The US military budget needs to be "right-sized". And it needs to be driven by a clear foreign-policy strategy, not by automatic increases or even by arbitrary decreases. Clearly wasteful programs like the Star Wars program need to be eliminated. The Pentagon's absurd over-reliance on air power in all conflicts needs to be thoroughly reworked.

Most of all, there needs to be a realistic understanding of the limitations of American power. If we really plan to be occupying Middle Eastern and South Asian countries like Iraq and Afghanistan in protracted wars lasting years or decades, then the Army in particular needs to be re-oriented to fight counter-insurgency wars on the ground, including among other things intensive training in Arabic.

On the other hand, if we don't intend to fight those kinds of wars, then both parties need to recognize that the military isn't staffed to fight them and make every effort to stay out of them. And includes especially times of great stress, like in the aftermath of "another 9/11". There are likely to be other Dick Cheneys and Don Rumsfelds, hopefully none of them running the government like Cheney, who will be tempted to embrace fool ideas about easy "regime change" and the magic power of air war.

When they pop up to say what a cakewalk it will be to invade Syria or Iran and install a regime more to our liking, both Democrats and Republicans need to have the gumption and the sense of responsibility to not be suckered by it. Sadly, there seems to be no immediately foreseeable possibility of the Republican Party being capable of taking such an attitude.

Which brings us to another important point. There can been too much defense. It's probably more dumb luck than wise statesmanship on anyone's part that the lopsided unilateral military spending of the US since the end of the Cold War hasn't provoked more of an arms race elsewhere. Maybe they look at the wars in Iraq and Afghanistan in which we are stuck and ask themselves, why would we want to compete with that?

And there is a factor of, if you have it you're tempted to use it. Or, in a saying we've heard a lot in criticism of neoconservative militarism in recent years, "If the only tool you have is a hammer, every problem looks like a nail."

That's true. So, for instance, if we build up a colonial-style military force with tens of thousands of Arabic-speaking soldiers trained and equipped for on-the-ground counterinsurgency, it will be very tempting for a President engaged in a tough diplomatic standoff with an Arab nation to threaten or implement a "regime change" and occupation option.

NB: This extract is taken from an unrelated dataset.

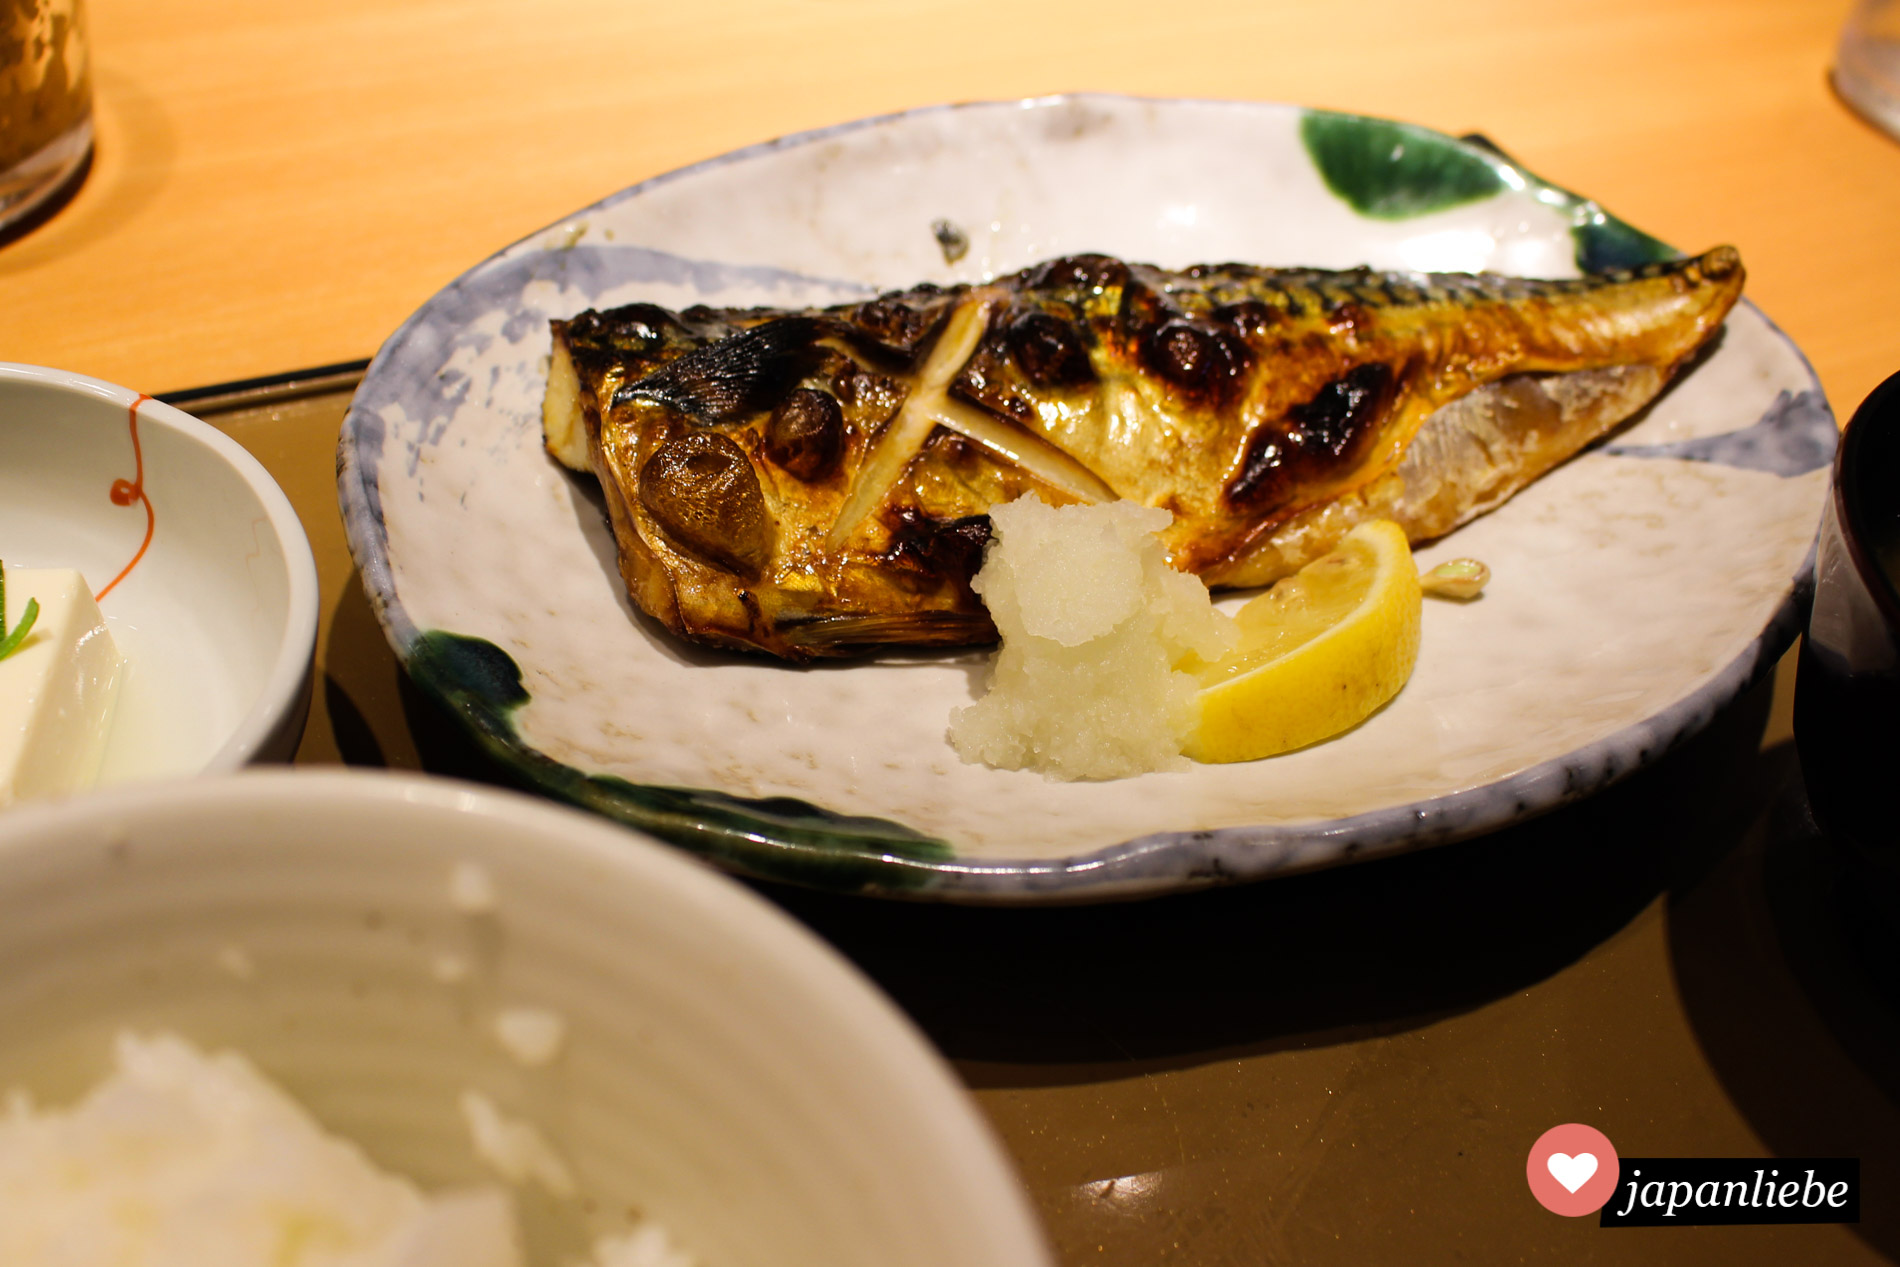 Besonders lecker ist Fisch zum japanischen Frühstück, wenn er frisch gegrillt wurde.

And, to get all Reinhold Niebuhr-ish here for a moment, there are evil people in this world. People like Dick Cheney, who John Dean uses as a prime example of a "conservative without a conscience". Men and women like that are going to abuse whatever power they have. And if they ability to garrison the world with military bases, force other countries into nuclear arms races with a Star War program, or have a colonial expeditionary force at their disposal prepared to take over oil-rich countries, they will use them. As we've seen in all three of those examples during this current administration.

So there really is a reason to right-size the military, recognizing that the national defense has to be sufficient to real threats. But also recognizing their can be too much defense spending.

Look at Sharp's numbers quoted at the beginning of this post again: "The United States is also projected to spend more on defense in FY 2009 than the next 45 highest spending countries combined ..." Andrew Bacevich likes to make the point that if we were to set an also somewhat arbitrary goal of matching the military expenditures of the next 10 largest military powers, that would represent a huge cut in the US military budget.

We're a long way from the danger of under-spending on national defense.